Born in the mid-1980s, I grew up in a "Gay = AIDS" world. I knew from four or five years old that society hated gays. Nobody ever told us it was okay to be gay. We were demonised by politicians on the news. In 1986 the Salvation Army led the movement that provided the NZ Parliament with the largest petition ever: 820,000 people saying homosexuality should not be legalised. We knew we were different, years before sexual desire for the same sex even emerged. We felt the need to hide, to be quiet and invisible, to never ruffle the feathers of the straights for fear of being thought of as feminine, disease-carrying, mentally-ill deviants.
When this is your life during your childhood and adolescent years, you feel shameful. You feel like you're not supposed to be who you are. You live with unplaceable guilt. You feel flawed, inadequate, and undeserving.
Even with supportive parents – who never once uttered homophobic sentences in our house – during the years I was coming to terms with being different, I felt like I was bad. I felt wrong, off, queer. Every time I was outside of home, I felt like a walking target for people – other kids, their parents, the woman working at the supermarket – to pick on me. To call me names and infer I was less than them. I truly believed I was in a world that hated me (long before I had any idea why), so I learned to check myself and selectively conceal who I was inside.
Fast forward to the 2010s and it doesn't make sense that this (seemingly dissipated) world is relevant anymore. If you live in the middle-class Anglo West without strong religious ties, being gay seems widely okay. Especially since the dawn of equal marriage, many think it's a complete non-issue. We have effectively assimilated and been accepted, right? So why would negative experiences decades ago still affect us now?
That's the way gay shame works. It's instilled in you from your formative years when you're learning about your place in the world. You cannot unlearn the suffering from keeping a secret; one that makes you feel worthless.
Even today, in 2019 where I am a proud gay man, that shame still sits within. I worry about acting "too gay" in public and being noticed. I sit on the train or at one of my husband's work functions and subconsciously wonder, "do any of you have a problem with me?" when I look around.
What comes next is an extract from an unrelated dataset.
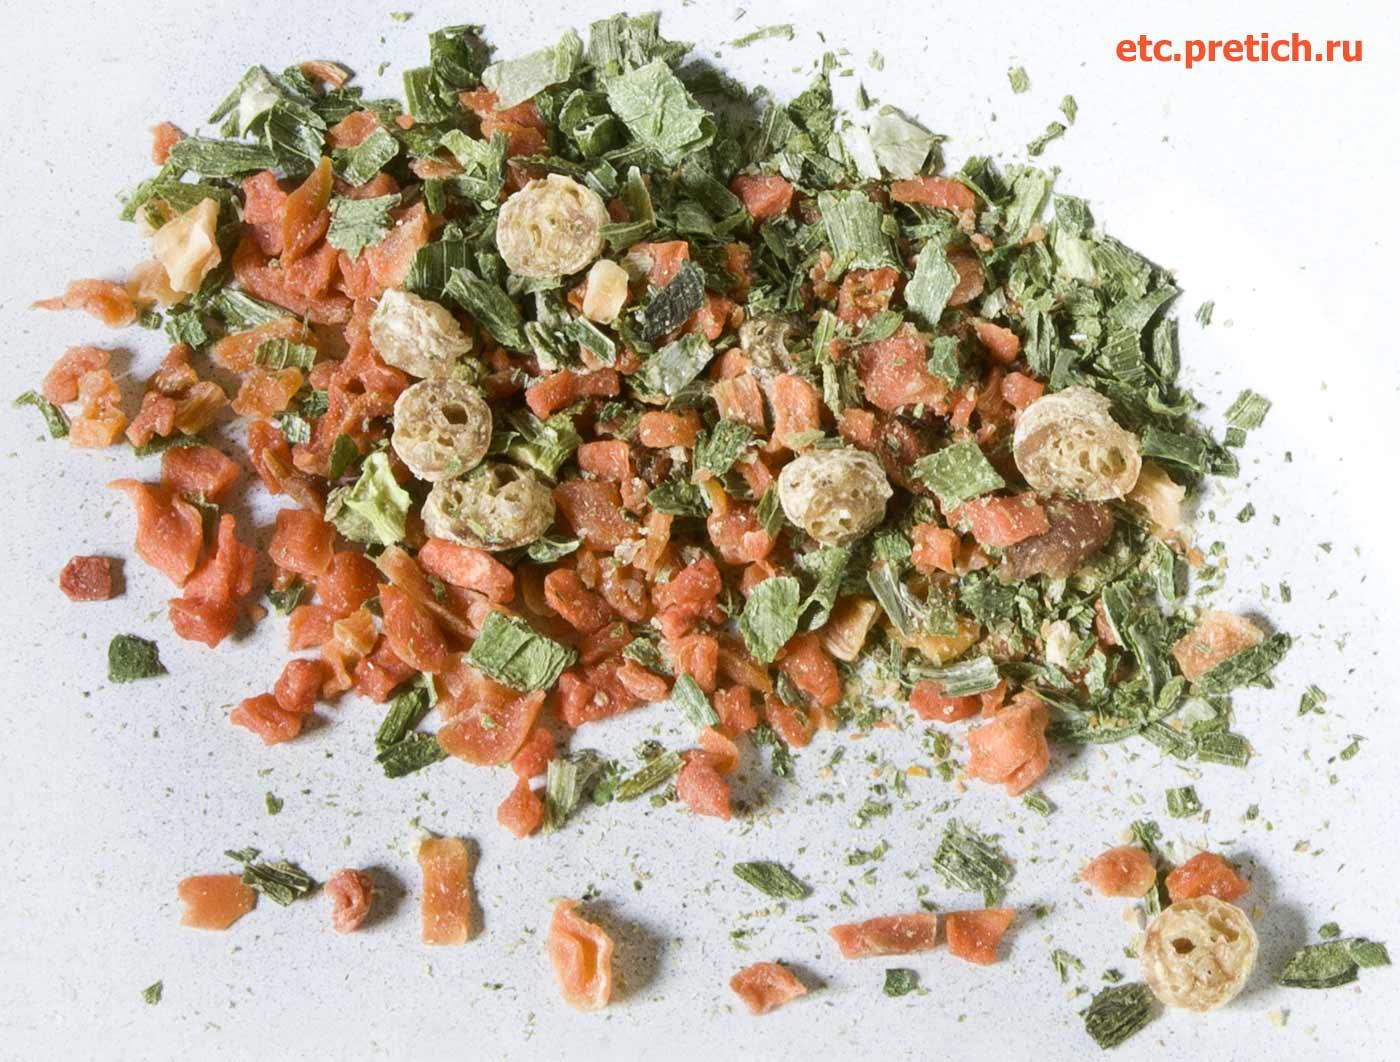 Big Bon Disсovery лапша БП сушеные овощи для сальса

It's instilled in you from your formative years when you're learning about your place in the world.
The fact that I – as a reasonably-masculine, confident man with a white appearance – can hide my sexuality if I need to only further contributes to the shame. Unlike being another minority (e.g. a person of colour), I have the privilege of choosing who knows about my minority status, and who doesn't. This can protect me, but means I don't have to accept being different all the time. I can pick-and-choose to appear part of the majority.
Having this option only hurts gay people in the long run. Trans people cannot generally pass as cisgender. Black and brown people cannot pass as being caucasian. These groups must accept who they are because they have no other options. But if you're white, hetero-presenting, and L, G, or B, you know you have the choice to make your experience in the world less marginalised. You have more freedoms than other minorities, but because they are optional liberties, using them cements that internal, to-the-core feeling of difference. It makes us less comfortable – not more – in our own skin.
What's the solution to all this gay shame? I've only found one way. Accepting it. Every day, I acknowledge that any feelings of insecurity and unease are learned. Society taught me how to feel like this, and denying it is most of the strain. It makes perfect sense that I'm a perfectionist, or that I get socially nervous. I see these same attributes in other gay men who are often perceivably over-achieving, socially anxious, or desperate for validation.
I could pretend it's for other reasons, or I can accept that it's just the way I feel sometimes because of my younger, unshakeable experience. Gay shame is a part of who I am, and I can choose to be OK with that.